There is some uncertainty whether our forebears sprang from Cormac MacArt, third-century king of Ireland, whose descendants spread to what is now known as Argyll, or from later ancestors. However, we do know that our early kinsmen supported one of Scotland's great heroes, Robert the Bruce, in his struggle for Scotland's independence in the early 14th century.
After Bruce's success at the battle of the Pass of Brander in 1308, the MacArthurs were given large grants of land in Argyll. The Clan remained a powerful force until 1427 when our then Chief, Iain (or John), "a leader of a thousand men" was beheaded by King James I of Scotland.
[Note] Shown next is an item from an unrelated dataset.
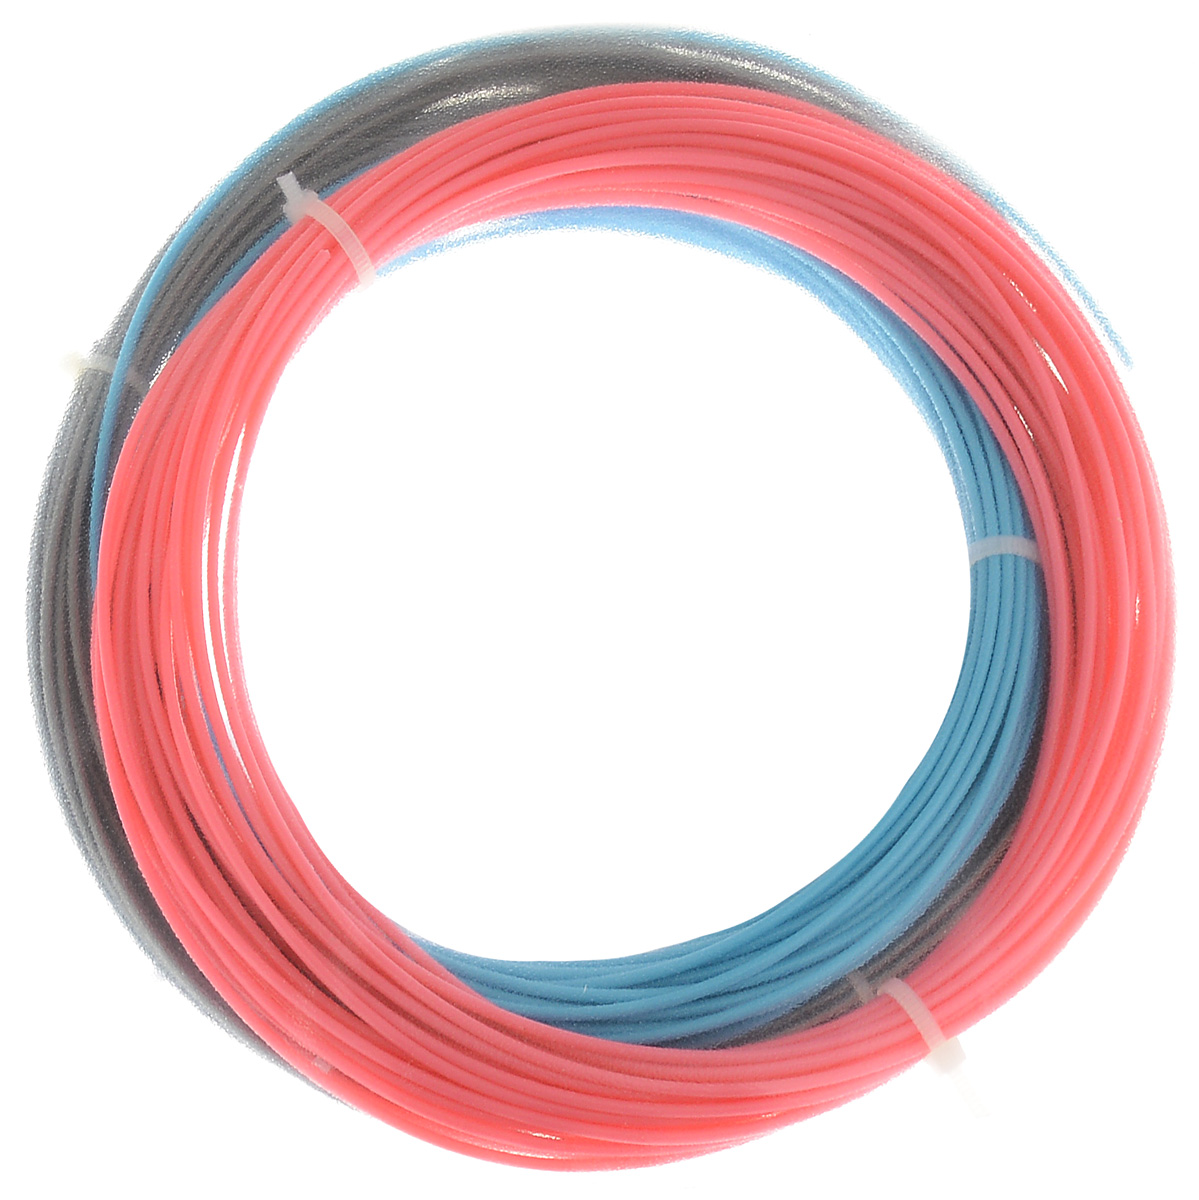 ESUN 3D Filament, Blue Pink Silver комплект ABS-пластика (10 м) open heacent reprap prusa mendel 3dp01 3d printer assembly kit 0 4mm nozzle 3mm filament

Iain and other clan chiefs opposed James' policy of a strong central government for Scotland, which they feared would lead to the dissolution of the ancient clan system.

This attempt by James to eliminate his opposition so enraged many Highland clans that a year later Alexander of the Isles marched on Inverness with 10,00 men and destroyed it.

Following the tragedy of 1427, the power of the MacArthurs was greatly reduced, and many Clan members left the area. Some settled in the Western Isles where they became celebrated pipers. Several MacArthur names holding prominent positions appear in the 15th century annals of Argyll. This leads historians to believe some MacArthurs had regained lands they lost following the tragedy of 1427.

Many MacArthurs left Scotland after the infamous Battle of Culloden in 1746 and settled in the New World. Their descendants today continue to keep the MacArthur name both respected and honored.